To install xCell2 from Bioconductor, use:

if (!requireNamespace("BiocManager", quietly = TRUE)) {
 install.packages("BiocManager")
}
BiocManager::install("xCell2")

From GitHub (Development Version)

To install the development version from GitHub, use:

if (!requireNamespace("devtools", quietly = TRUE)) {
 install.packages("devtools")
}
devtools::install_github("AlmogAngel/xCell2")

After installation, load the package with:

library(xCell2)

Creating a Custom Reference with xCell2Train

The most significant advancement of xCell2 is the ability to create custom reference objects tailored to your specific research needs. This section will guide you through the process of generating a custom xCell2 reference object using the xCell2Train function.

Why Create a Custom Reference?

Training a custom reference object allows you to:

  • Include cell types unique to your research area.

  • Leverage scRNA-seq data as a reference.

  • Adapt the tool for non-standard organisms, tissues, or experimental conditions.

  • Improve the accuracy of enrichment analysis.
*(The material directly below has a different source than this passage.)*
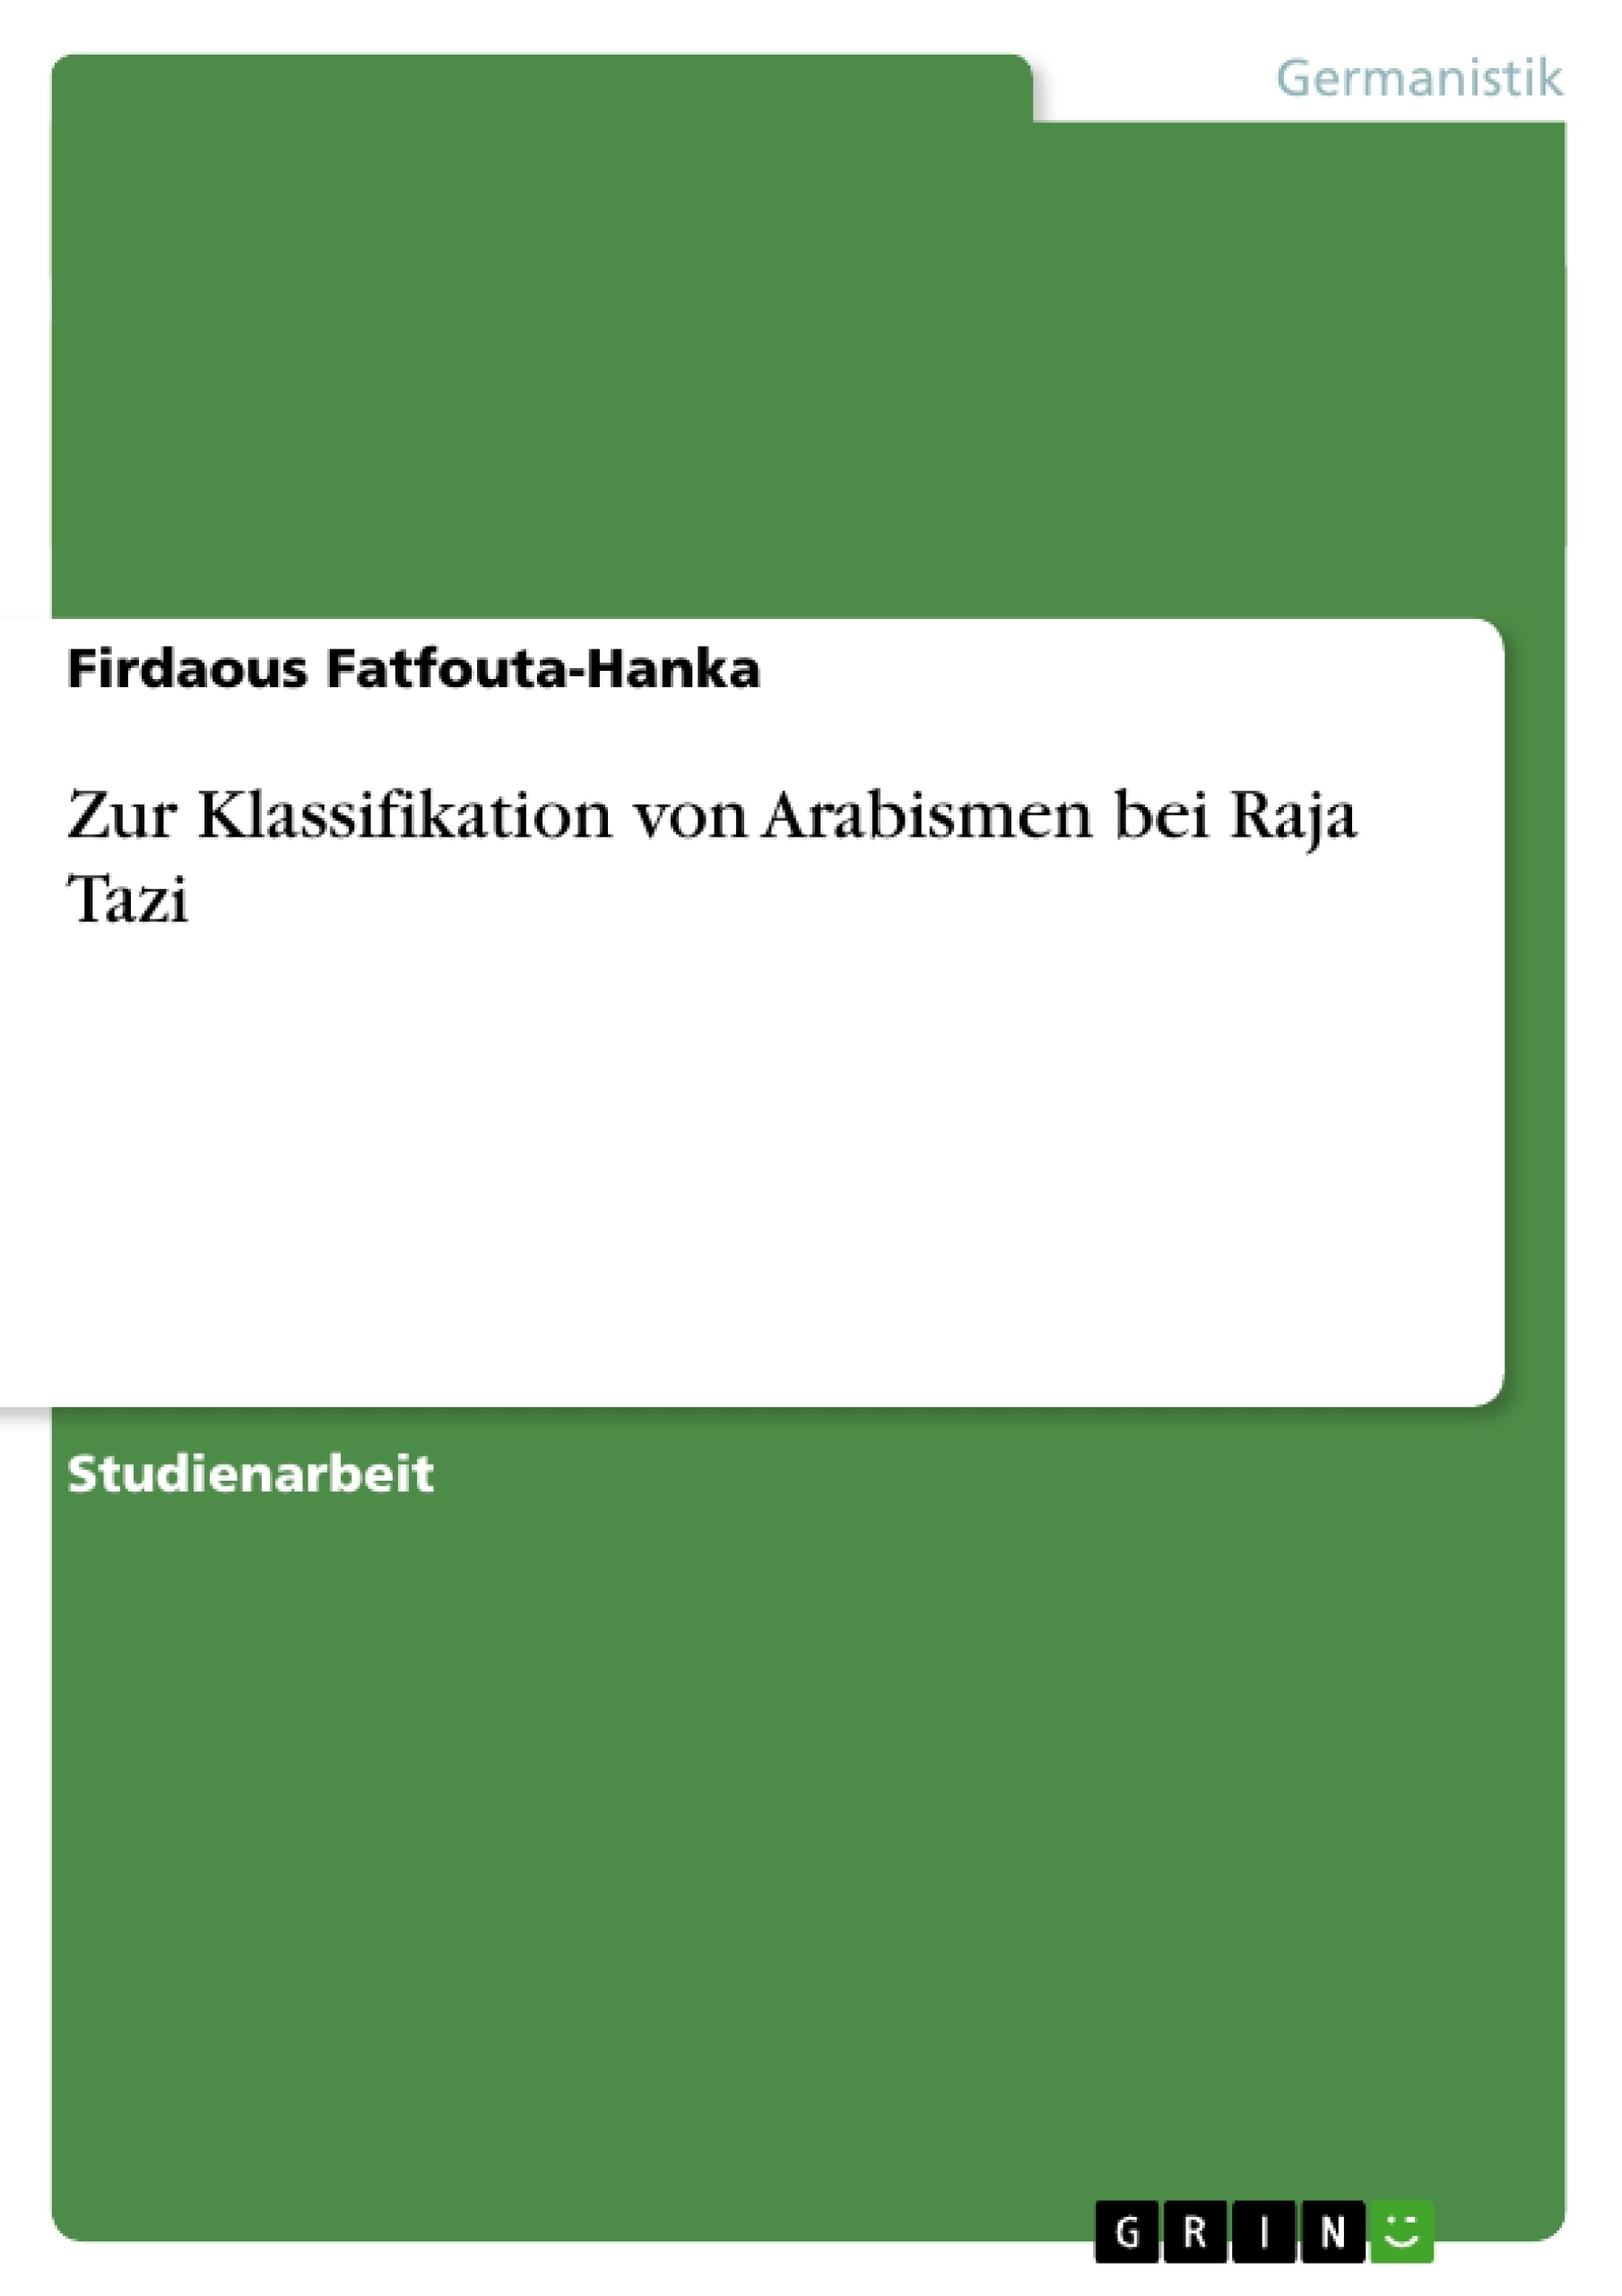 Titel: Zur Klassifikation von Arabismen bei Raja Tazi

See also - Custom Reference Training

Preparing the Input Data

Before using xCell2Train, you need to prepare the input data:

1. Reference Gene Expression Matrix

  • Can be generated from various platforms: microarray, bulk RNA-Seq, or single-cell RNA-Seq.
  • Genes should be in rows, and samples or cells should be in columns.
  • You can use different gene nomenclatures (e.g., gene symbols, HUGO IDs, Ensembl IDs) as long as the genes in the reference and bulk mixture are of the same type.
  • For RNA-Seq data, normalization to gene length and library size (e.g., TPM, RPKM, FPKM) is recommended but not mandatory.
  • xCell2 uses ranks of gene expression values, so transformations such as log-normalization do not affect results.
  • Microarray data typically requires no additional normalization.

2. Labels Data Frame

This data frame contain information about each sample or cell in your reference.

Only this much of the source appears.